■ RAW DATA ■
──────

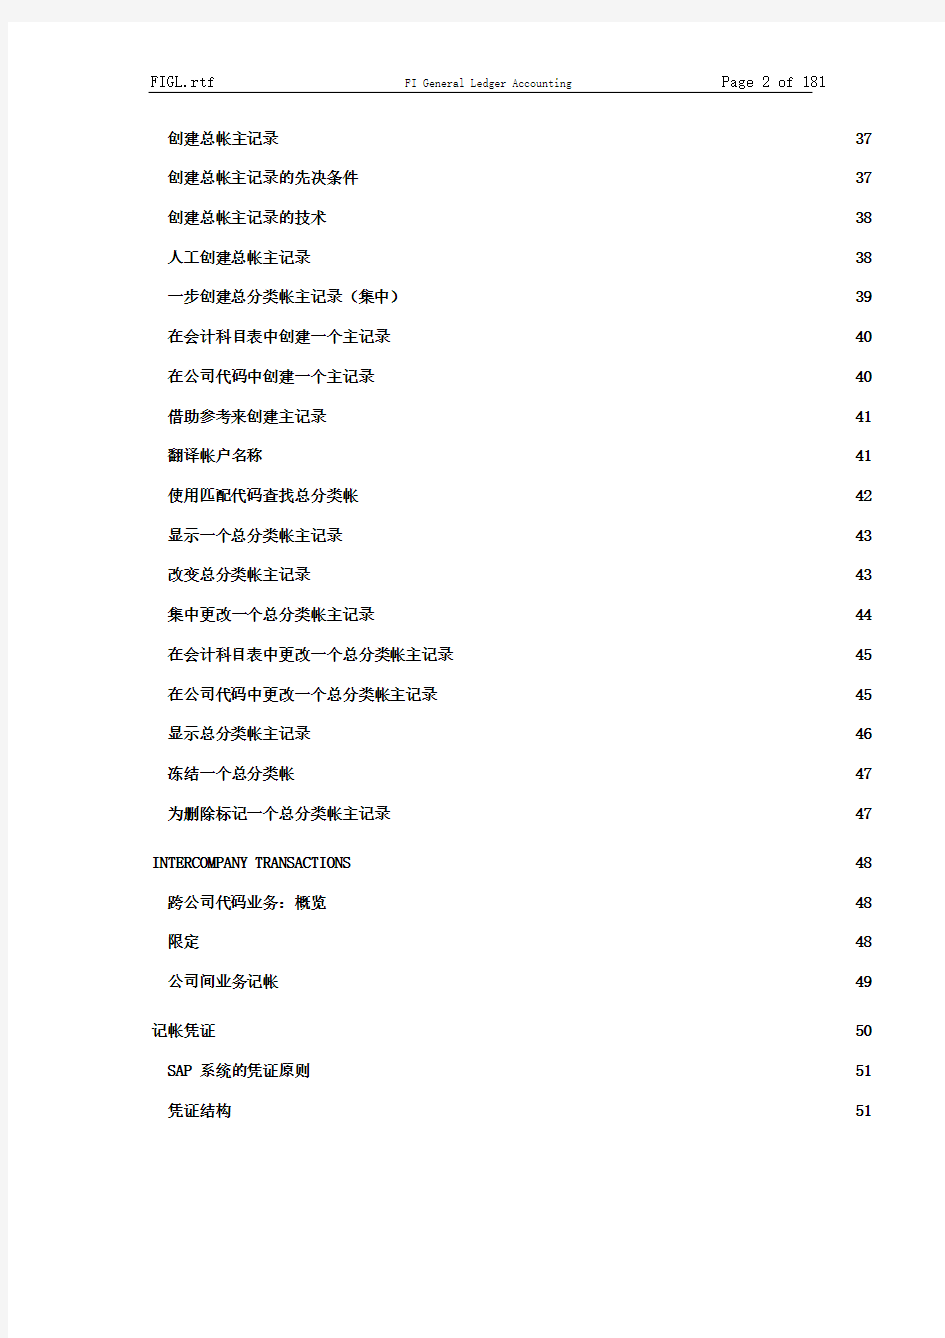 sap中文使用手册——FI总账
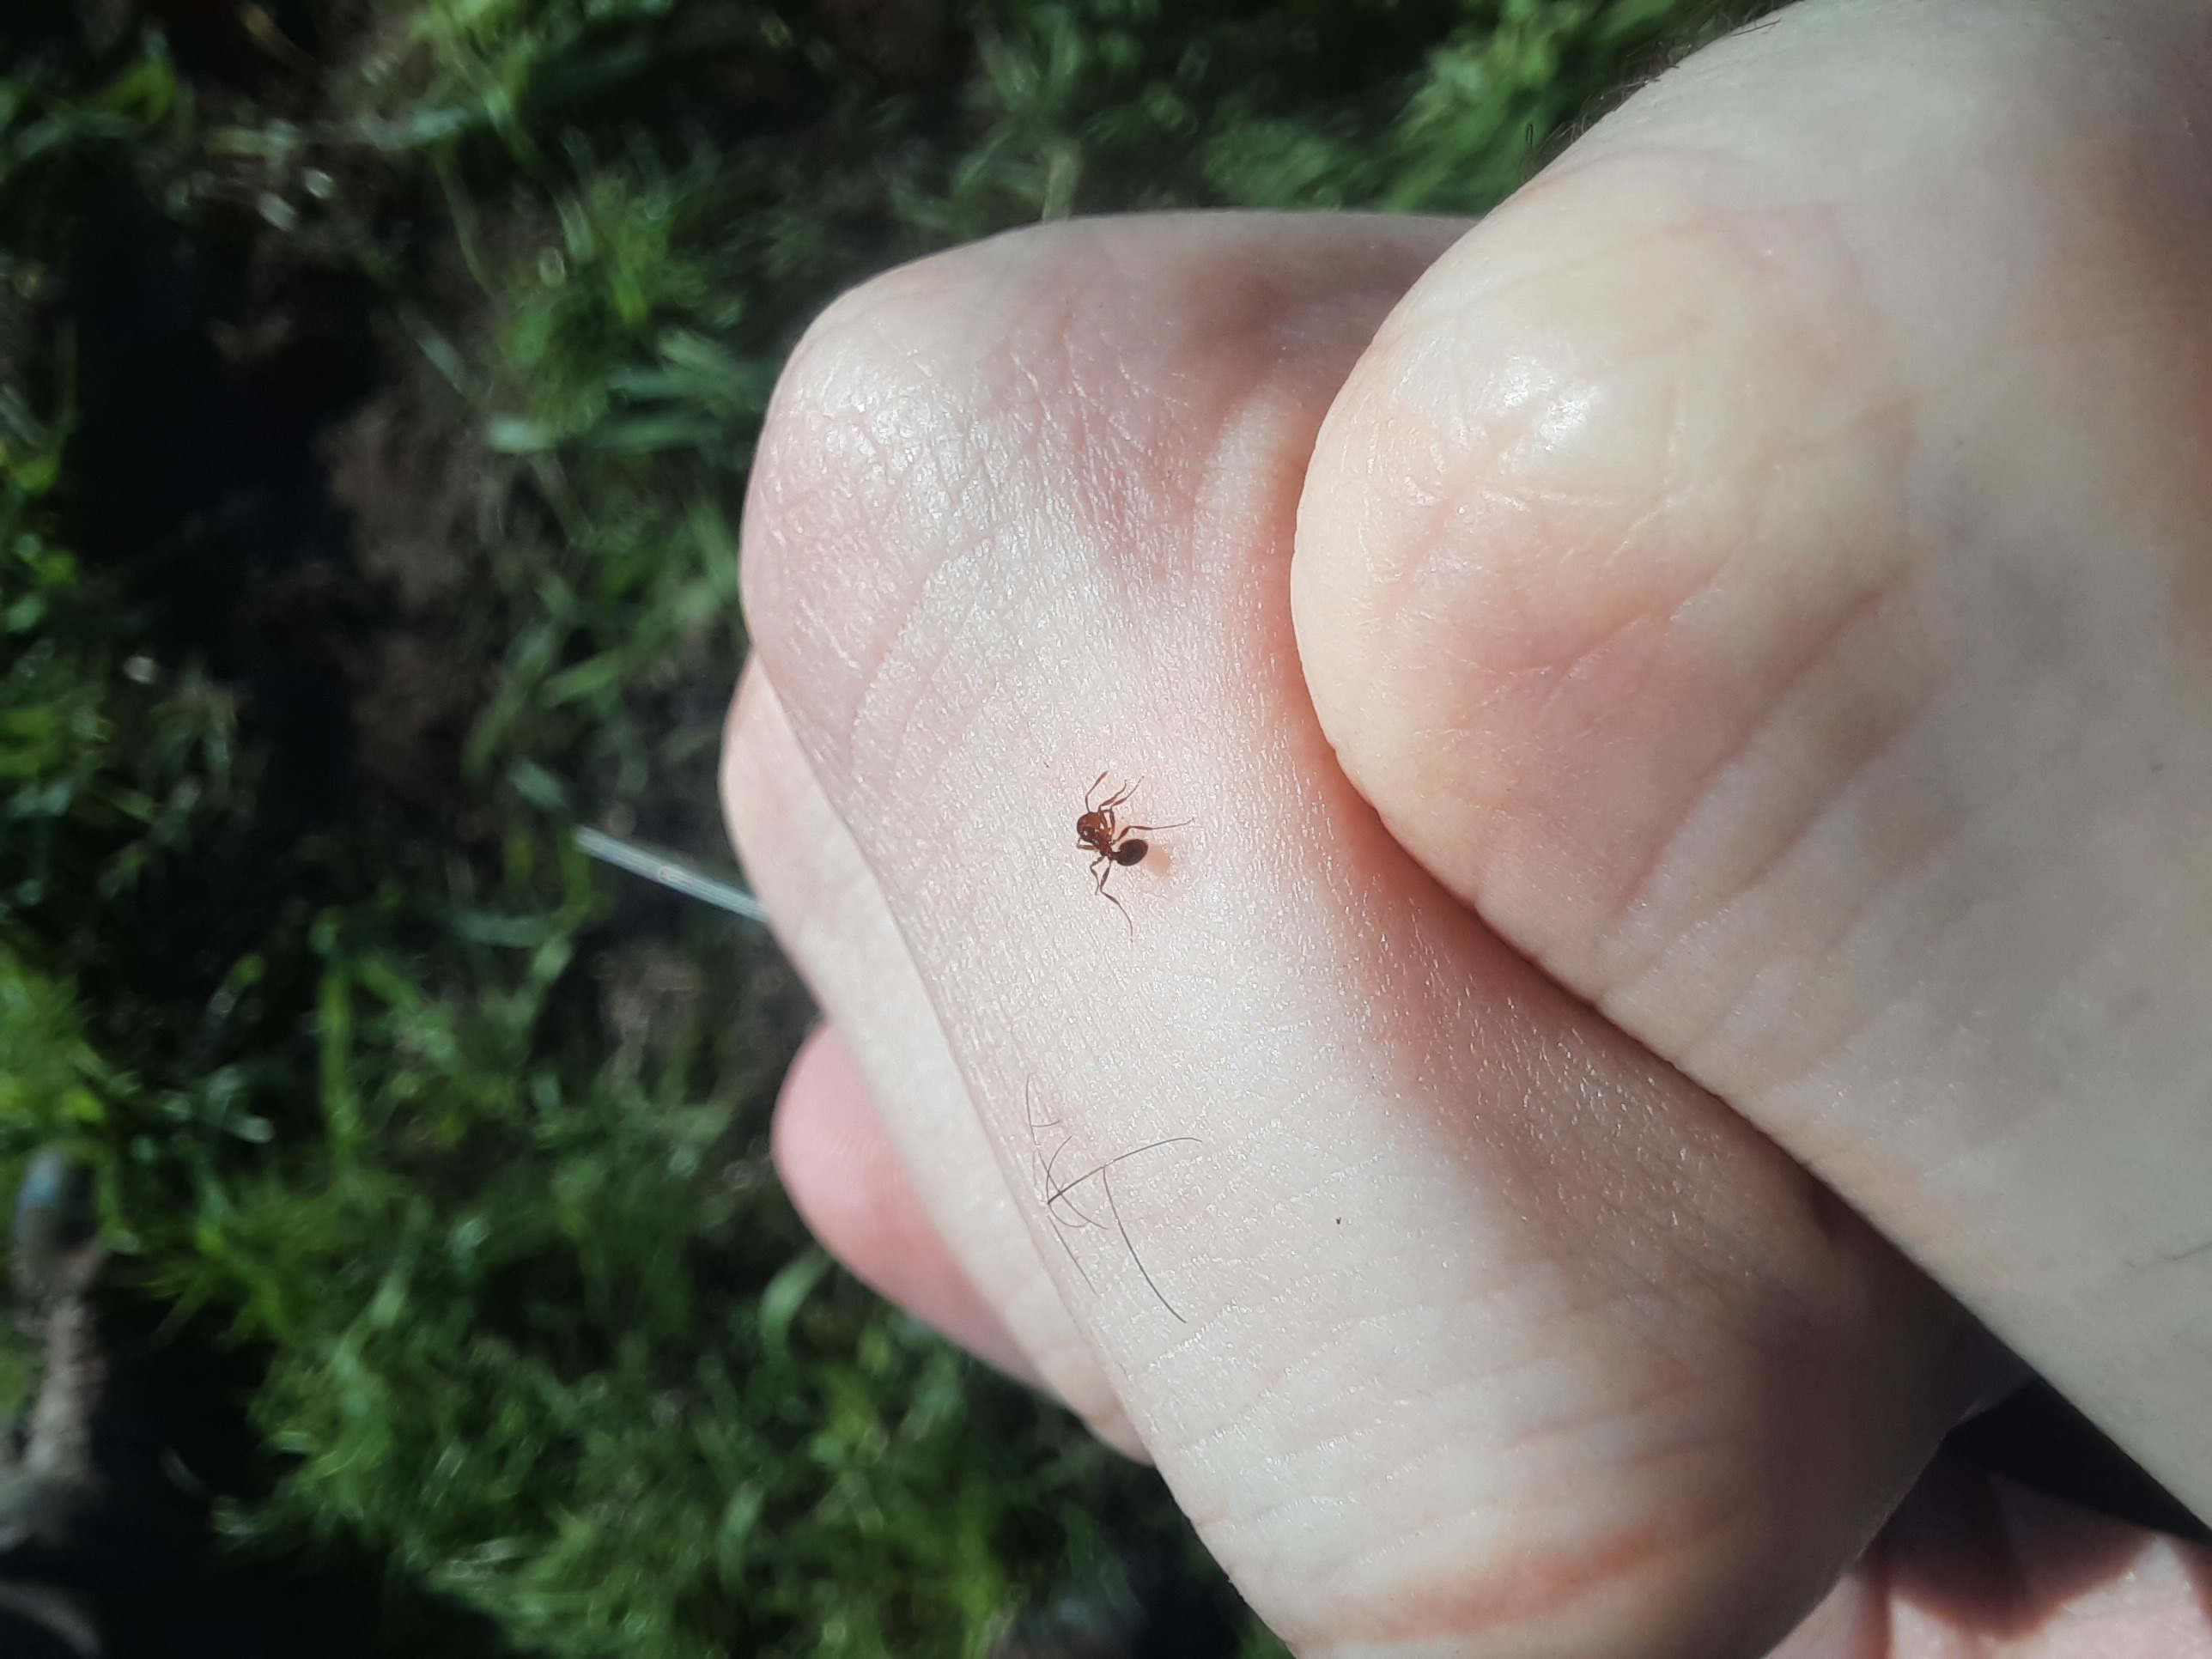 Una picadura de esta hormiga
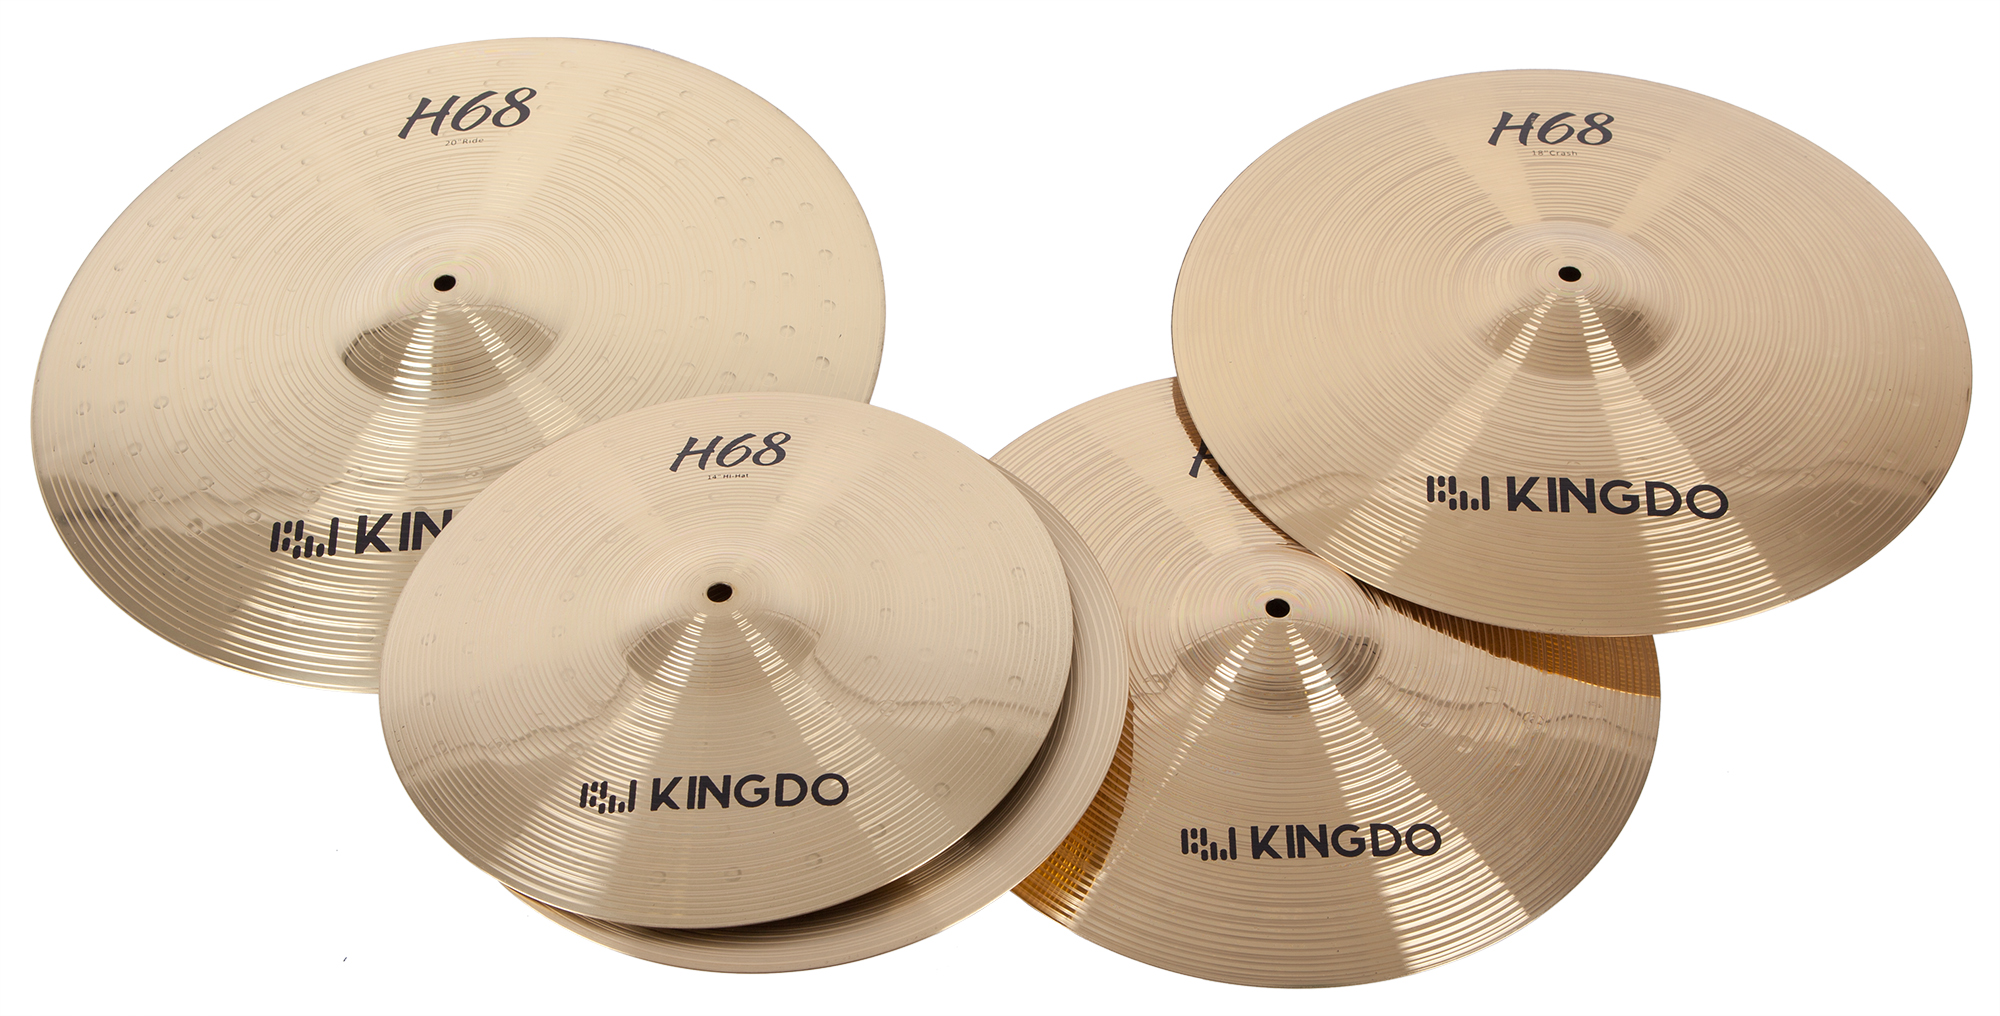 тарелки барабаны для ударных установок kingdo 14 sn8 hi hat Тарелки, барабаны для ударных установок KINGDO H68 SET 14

──────

■ THE TASK ■
Quote in full the listing given above; the images are to be left out.

■ WRITTEN SOLUTION ■
 sap中文使用手册——FI总账
 Una picadura de esta hormiga
 тарелки барабаны для ударных установок kingdo 14 sn8 hi hat Тарелки, барабаны для ударных установок KINGDO H68 SET 14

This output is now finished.